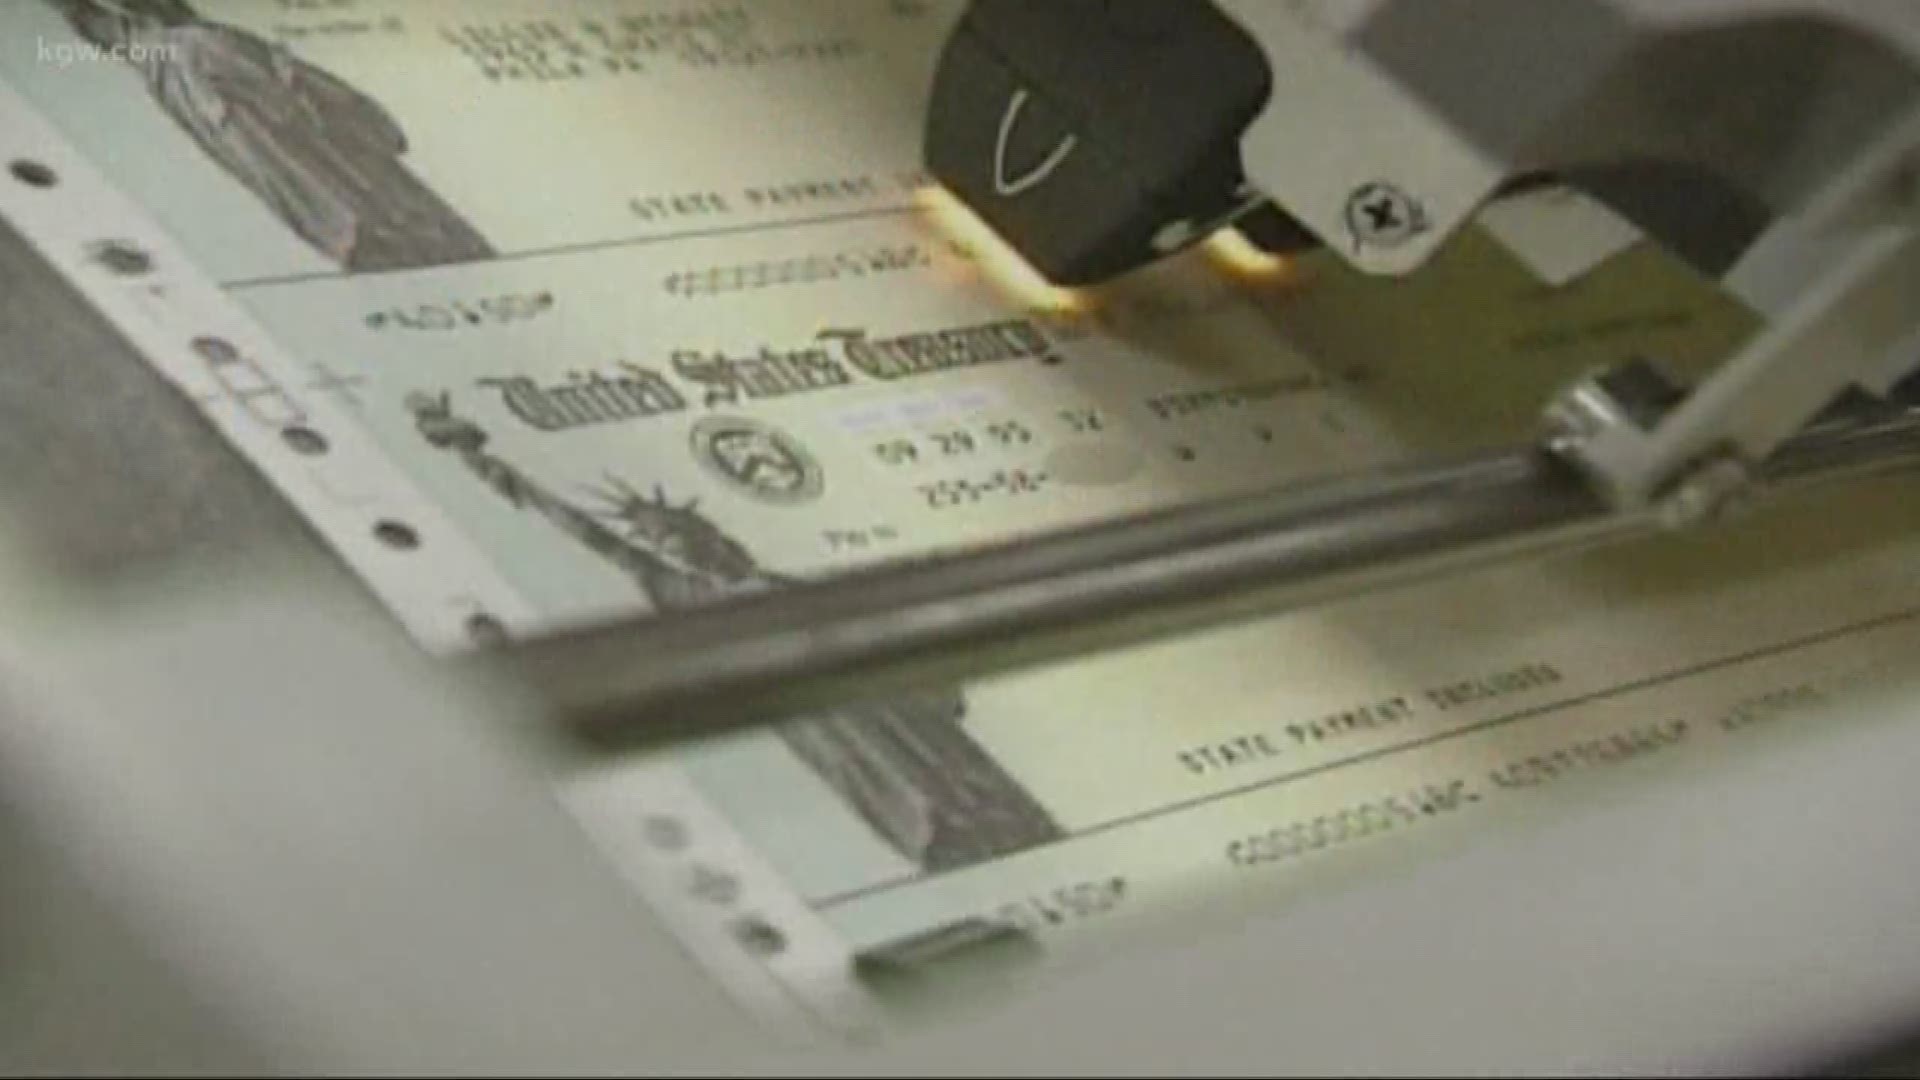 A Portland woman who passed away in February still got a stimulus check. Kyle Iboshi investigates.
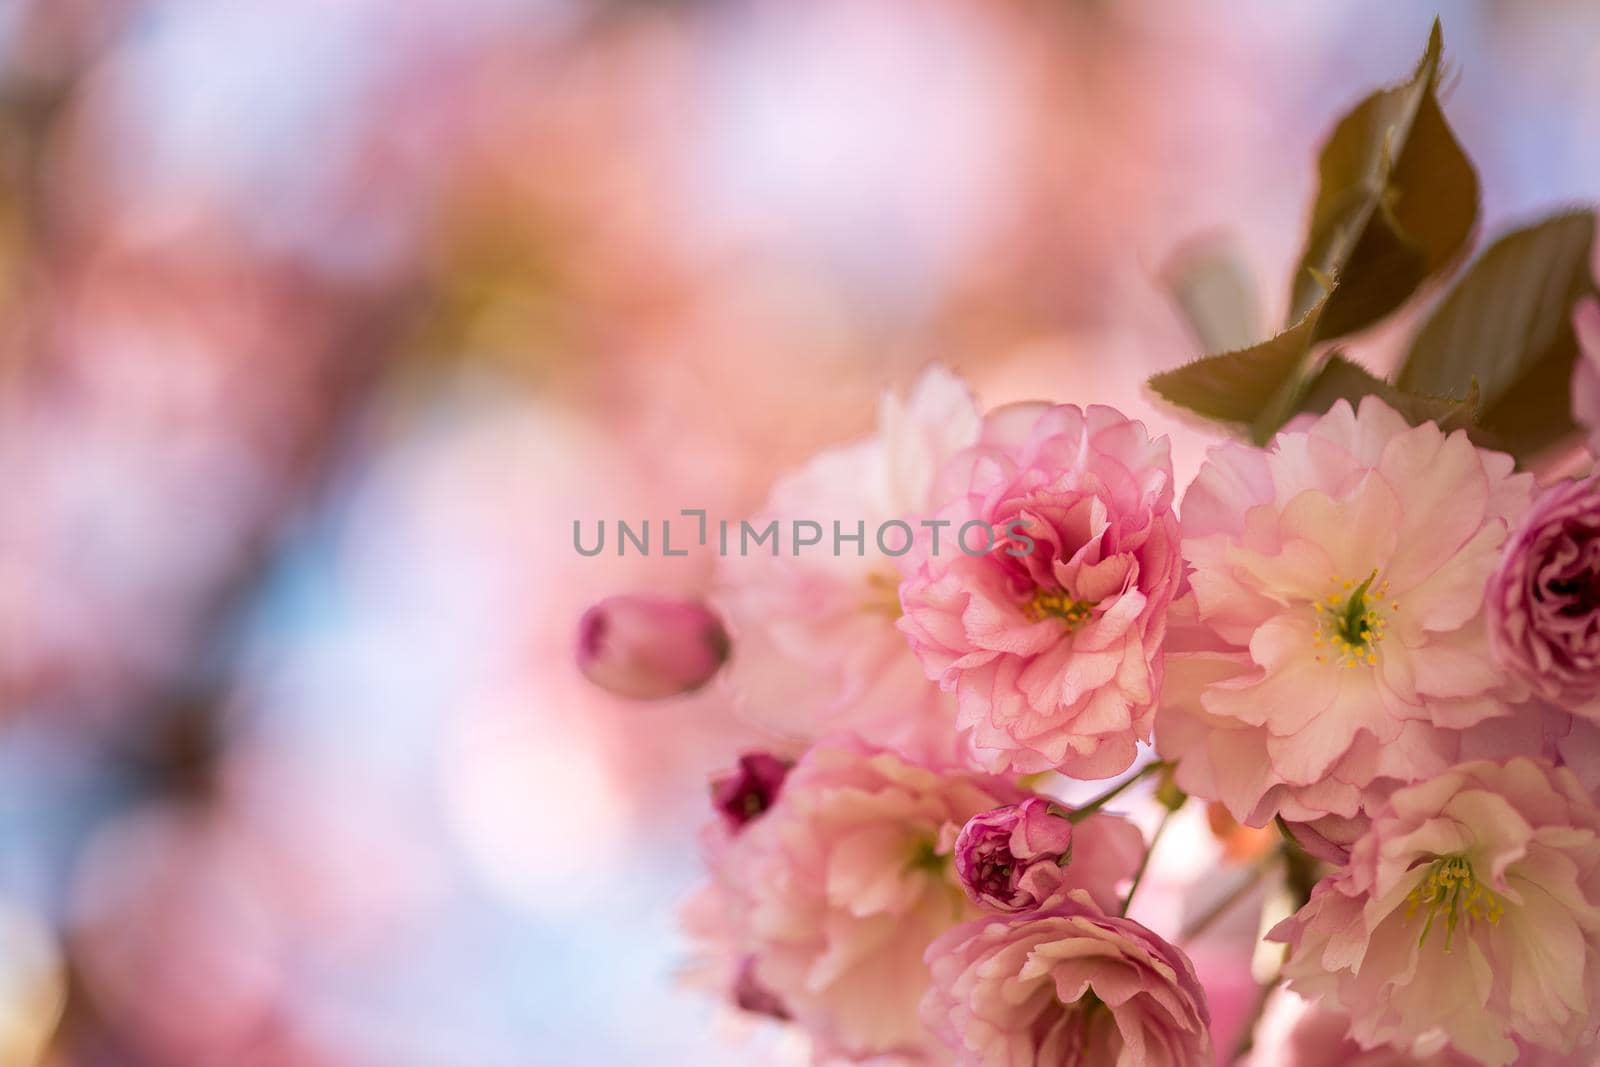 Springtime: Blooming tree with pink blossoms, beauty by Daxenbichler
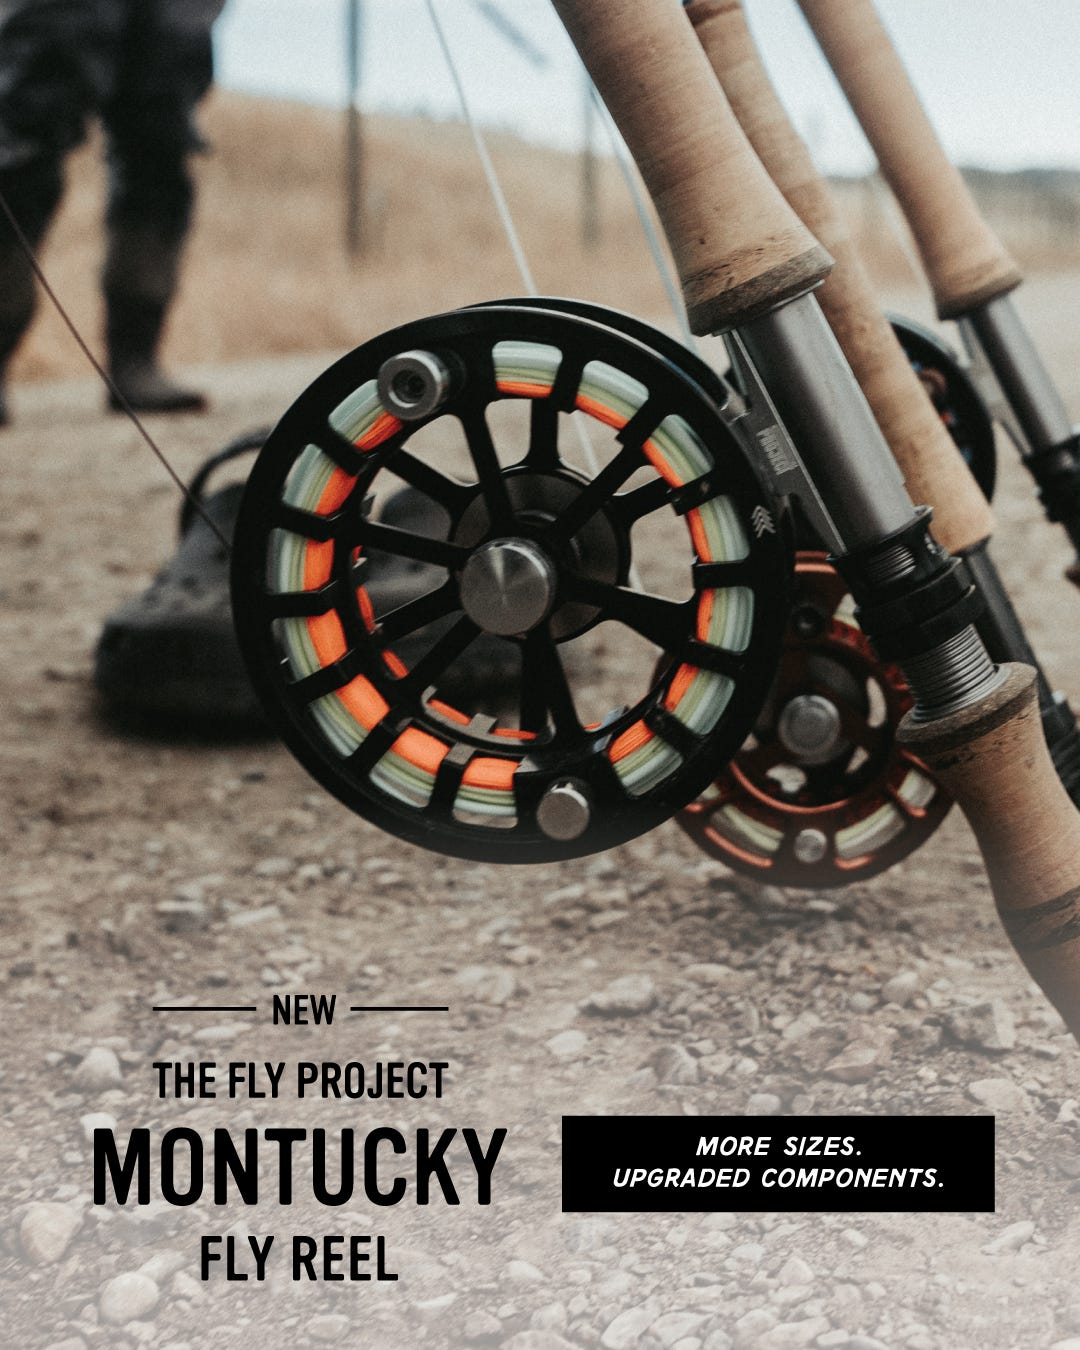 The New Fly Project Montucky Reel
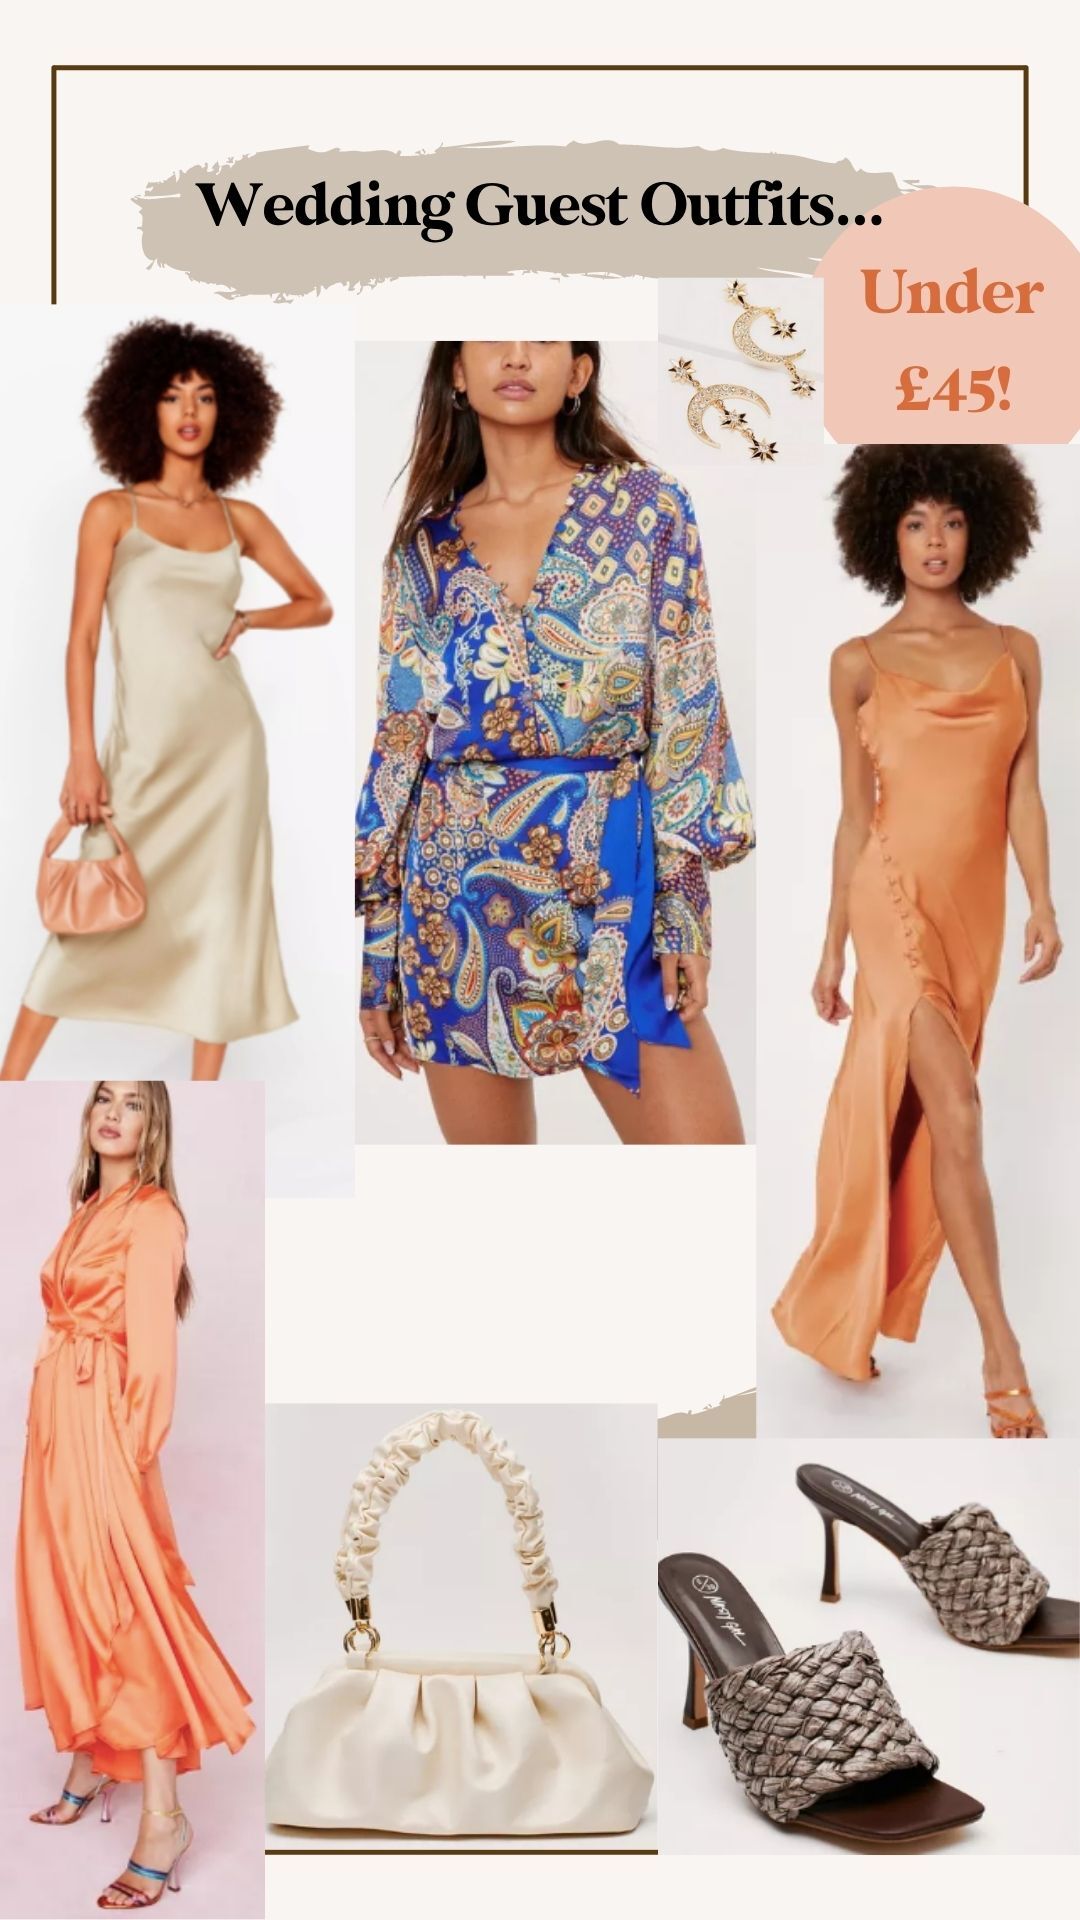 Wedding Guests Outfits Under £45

** WHAT IS NEEDED **
First drop every picture, then print the data above exactly as it stands.

** ANSWER BOX **
 A Portland woman who passed away in February still got a stimulus check. Kyle Iboshi investigates.
 Springtime: Blooming tree with pink blossoms, beauty by Daxenbichler
 The New Fly Project Montucky Reel
 Wedding Guests Outfits Under £45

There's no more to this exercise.